Harnessing the power of machine learning in stroke prediction

Xueting (Mimi) Ding is a PhD candidate in public health whose research focuses on advanced statistical and machine learning techniques in medical data analysis

Breaking New Ground in Healthcare Analytics 

As a public health researcher focusing on stroke and related outcomes, I’ve always been fascinated by the complexity of medical data, e.g. extensive information about health conditions, symptoms, and treatments across various settings. What often struck me was how traditional analysis methods struggle to effectively handle this wealth of information, especially when examining different types of disease risk factors and dealing with numerous subcategories of disease risk factors. I noticed that these methods oversimplified the detailed patient histories into basic binary indicators, which missed crucial patterns for disease outcome predictions, for example, stroke recurrence. 

From Challenge to Innovation  

This limitation became more apparent as I worked with electronic health records from healthcare organizations across the United States. To document diagnoses, healthcare providers used standardized ICD codes to capture the detailed aspects of medical conditions. For example, hypertension alone has multiple ICD-10 codes representing different types and stages of the condition, and each code has its own distinct implications for patient care. The same complexity exists for other conditions like diabetes and heart disease. However, our traditional data aggregation methods often reduce these rich medical records into simplified yes/no flags of broad disease categories like “hypertension: yes”. It potentially overlooks critical information about disease progression and severity. 

This gap between the rich data available and our limited ability to effectively use it motivated me and my colleagues to seek a better solution. I recently served as co-corresponding author on a study published in the Journal Discover Public Health. Under the guidance of Dr. Bernadette Boden-Albala, and with expertise from additional authors, Yang Meng and Liner Xiang, this study explored how innovative machine-learning techniques can revolutionize the way we process and analyze medical data.  

Our results showed that by adopting new data analysis techniques, we improved our ability to predict stroke recurrence. By combining our proposed data aggregation method with a random forest classifier, we achieved 84.2% accuracy in predicting whether a patient might experience another stroke within 30 days following the initial stroke diagnosis, and it significantly outperformed conventional methods. Beyond just accuracy, our proposed approach also demonstrated an excellent balance between sensitivity and specificity. 

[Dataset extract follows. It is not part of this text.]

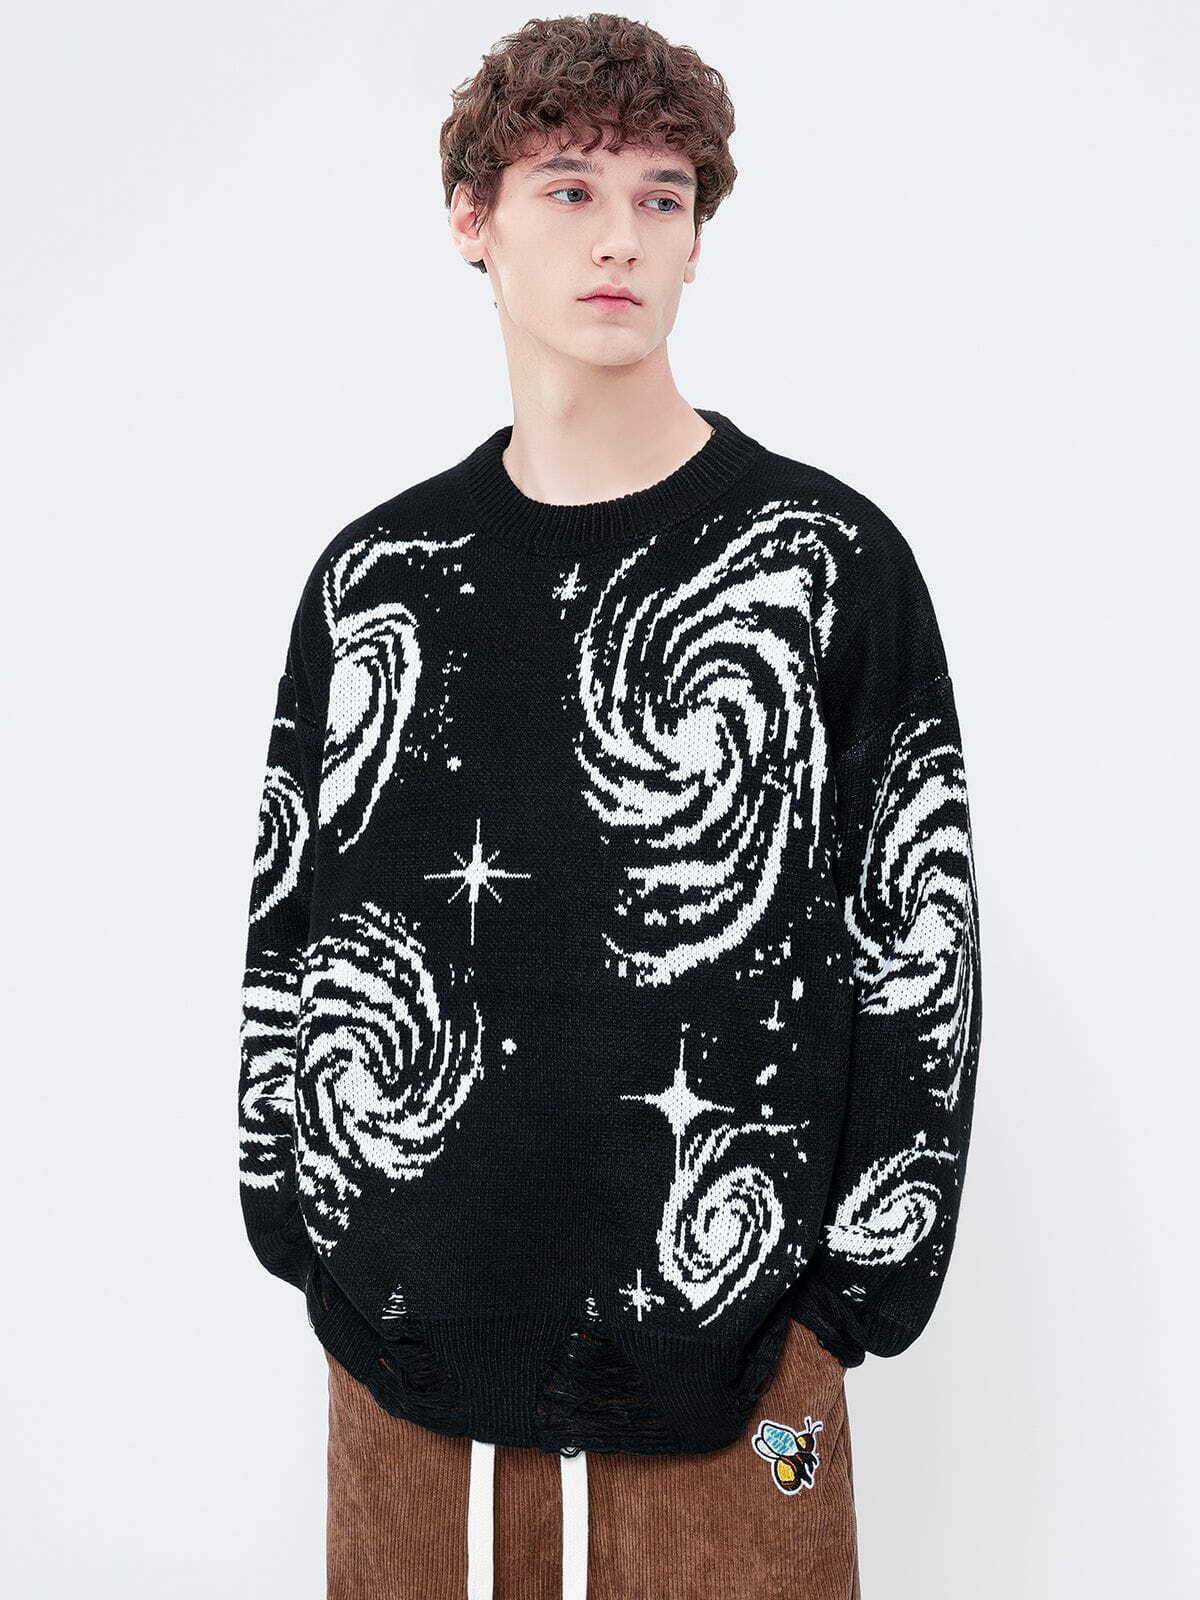 starry night jacquard knit sweater edgy urban streetwear chic 1559

Over the course of this study, I concluded that the way we process health information directly affects our ability to predict health outcomes. Beyond just organizing information, advanced aggregation methods have the potential to better reveal hidden patterns in patient histories, capture condition severity, and account for complex interactions among risk factors. This is particularly critical in cardiovascular health research, where multiple comorbidities interact in intricate ways to influence stroke risks among diverse populations.   

Looking to the Future 

Working on this project opened new directions for me in public health research. The success of machine learning in handling complex medical data has inspired me to realize that emerging analytical techniques could revolutionize how we approach disease prediction and prevention. I am more convinced that we need to be proactive in exploring innovative approaches for public health challenges as better prediction tools are not just technical achievements. They represent real opportunities to improve patient care, especially for communities with less access to advanced healthcare.  

The success of machine learning in handling complex medical data has inspired me to think bigger about my own research goals. I aspire to push the boundaries of what’s possible with health data analysis. Beyond improving prediction models, I want to develop stroke prevention strategies that work effectively for people from all backgrounds and communities. This means creating analytical tools that can account for the complex ways that health disparities, access to care, and social determinants of health interact with medical conditions. My research will continue to focus on leveraging advanced health data analytical techniques to understand these relationships better, ultimately working toward more equitable health outcomes.  

 Acknowledgments 

We express our sincere gratitude to the late, Dr. Bruce Albala, for his valuable insights and contributions to our research question and analysis design. We also deeply appreciate Dr. Annie Qu for her substantial constructive feedback on the initial draft of this manuscript. Their expertise and guidance were instrumental in shaping this study.